## DATA SHOWN:
Segment Open

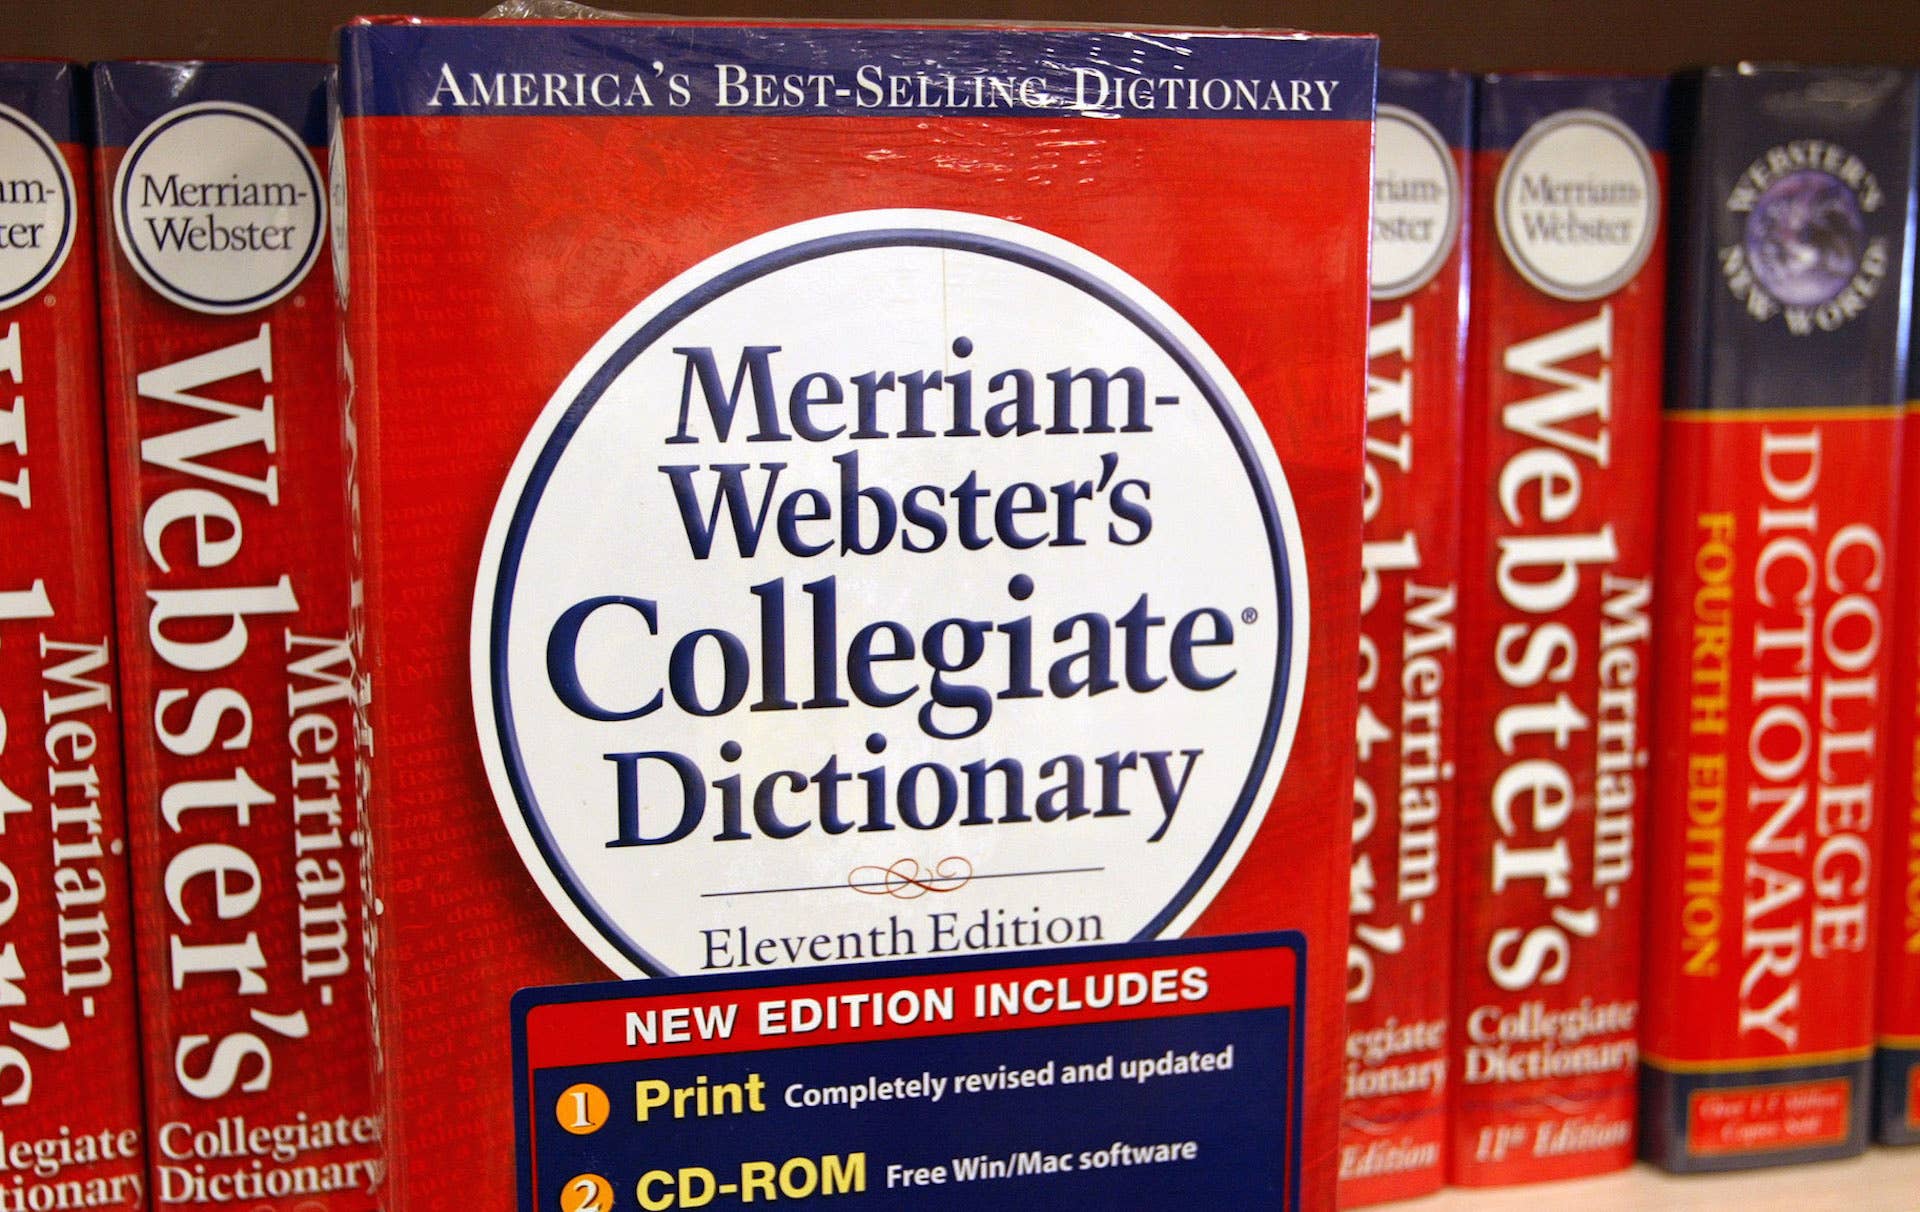 Merriam-Webster's collegiate dictionary
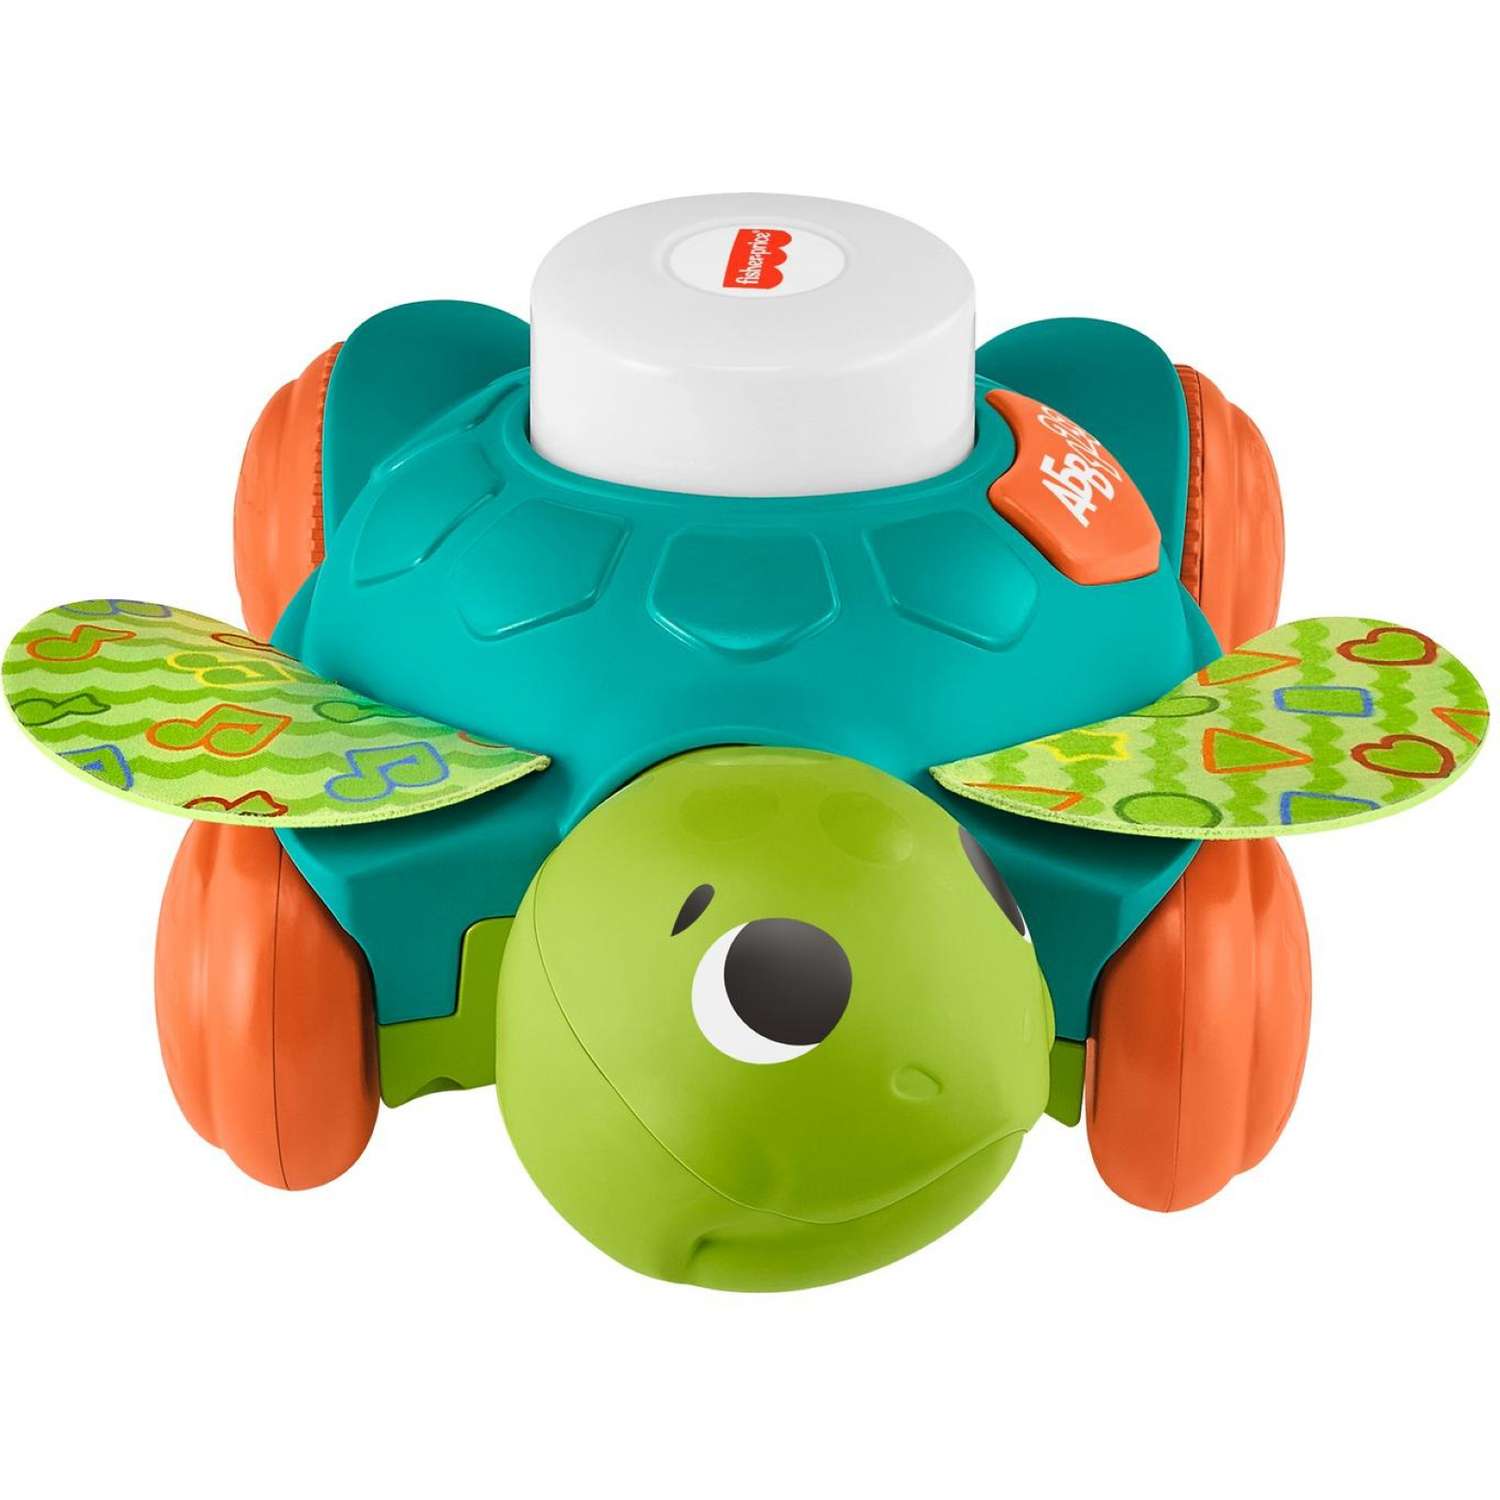 Игрушка Fisher Price Линкималс Морская черепаха для малышей развивающая HDJ17 - фото 3
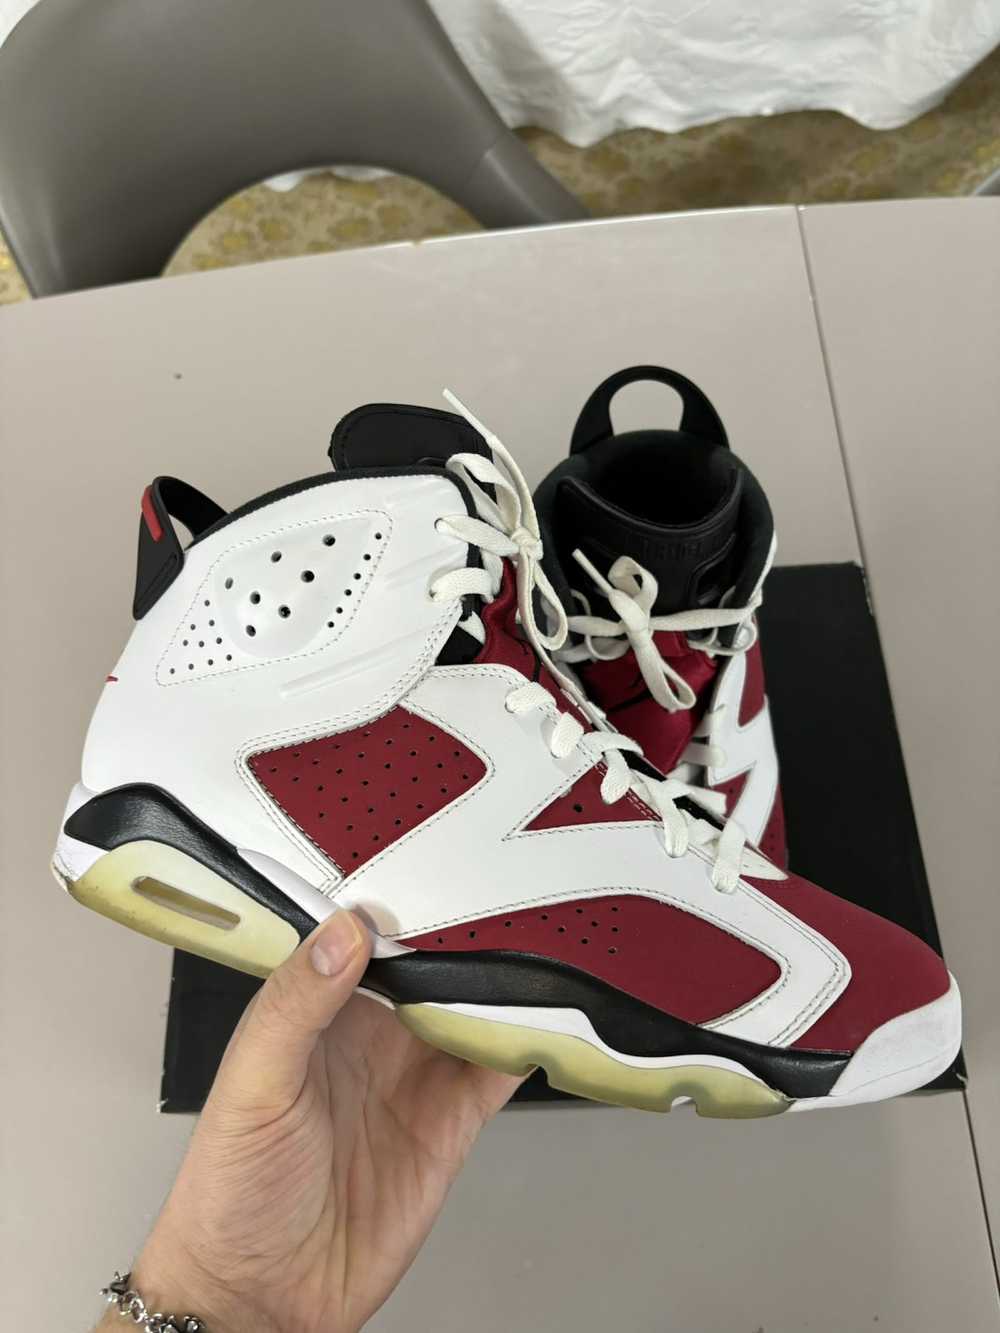 Jordan Brand × Nike 2020 Jordan 6s Carmine Sz11 - image 1
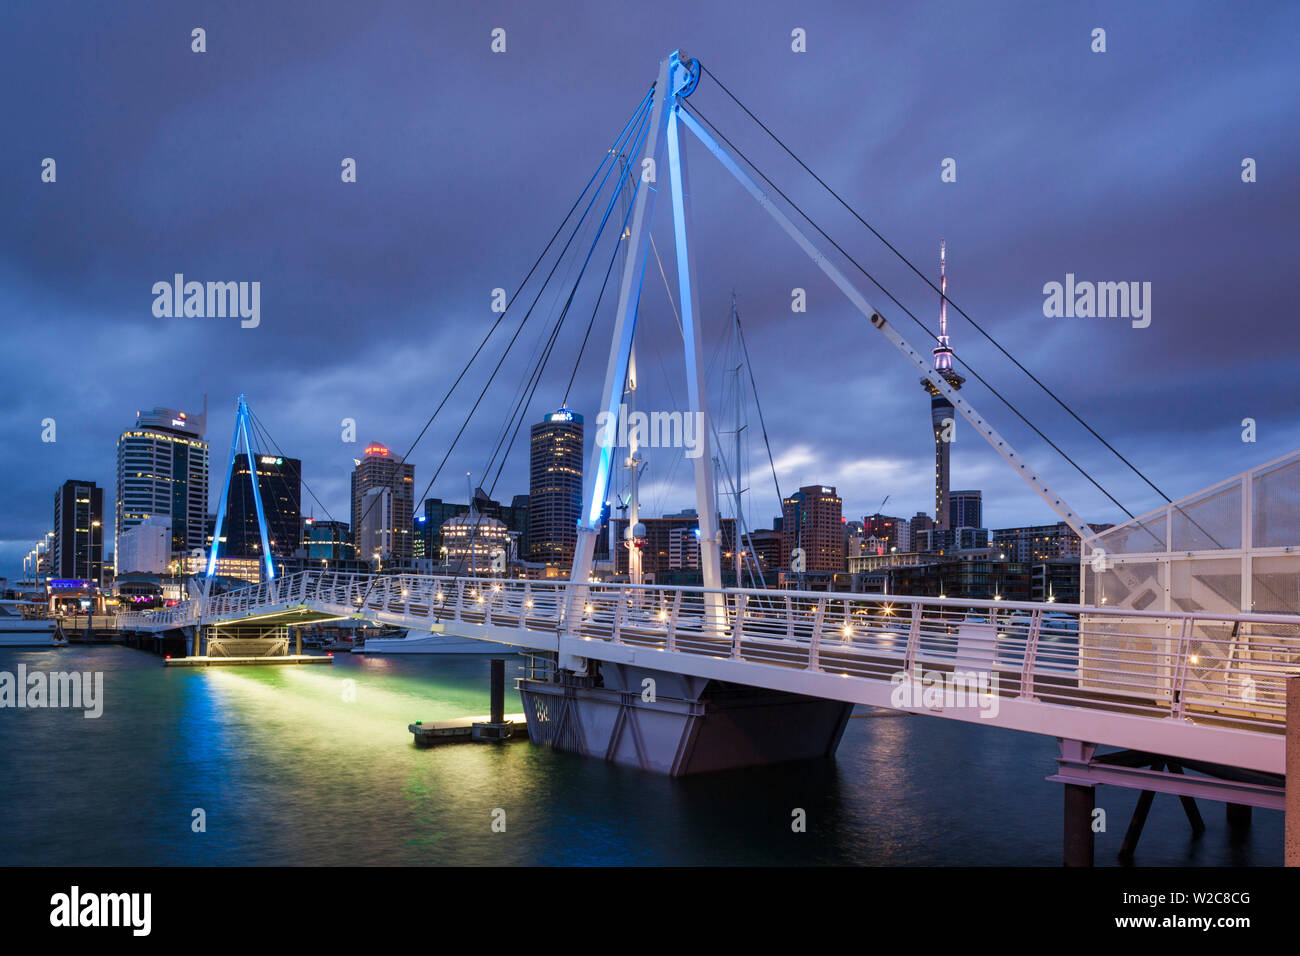 Nuova Zelanda, Isola del nord di Auckland, Viaduct Harbour, passerella, alba Foto Stock

Segment Closed

## WHAT YOU ARE ASKED TO DO:
Leave out every picture, and copy exactly the lines from the line that contains "Игрушка Fisher Price" through the end of the material.

## COMPLETED EXERCISE:
 Игрушка Fisher Price Линкималс Морская черепаха для малышей развивающая HDJ17 - фото 3
 Jordan Brand × Nike 2020 Jordan 6s Carmine Sz11 - image 1
 Nuova Zelanda, Isola del nord di Auckland, Viaduct Harbour, passerella, alba Foto Stock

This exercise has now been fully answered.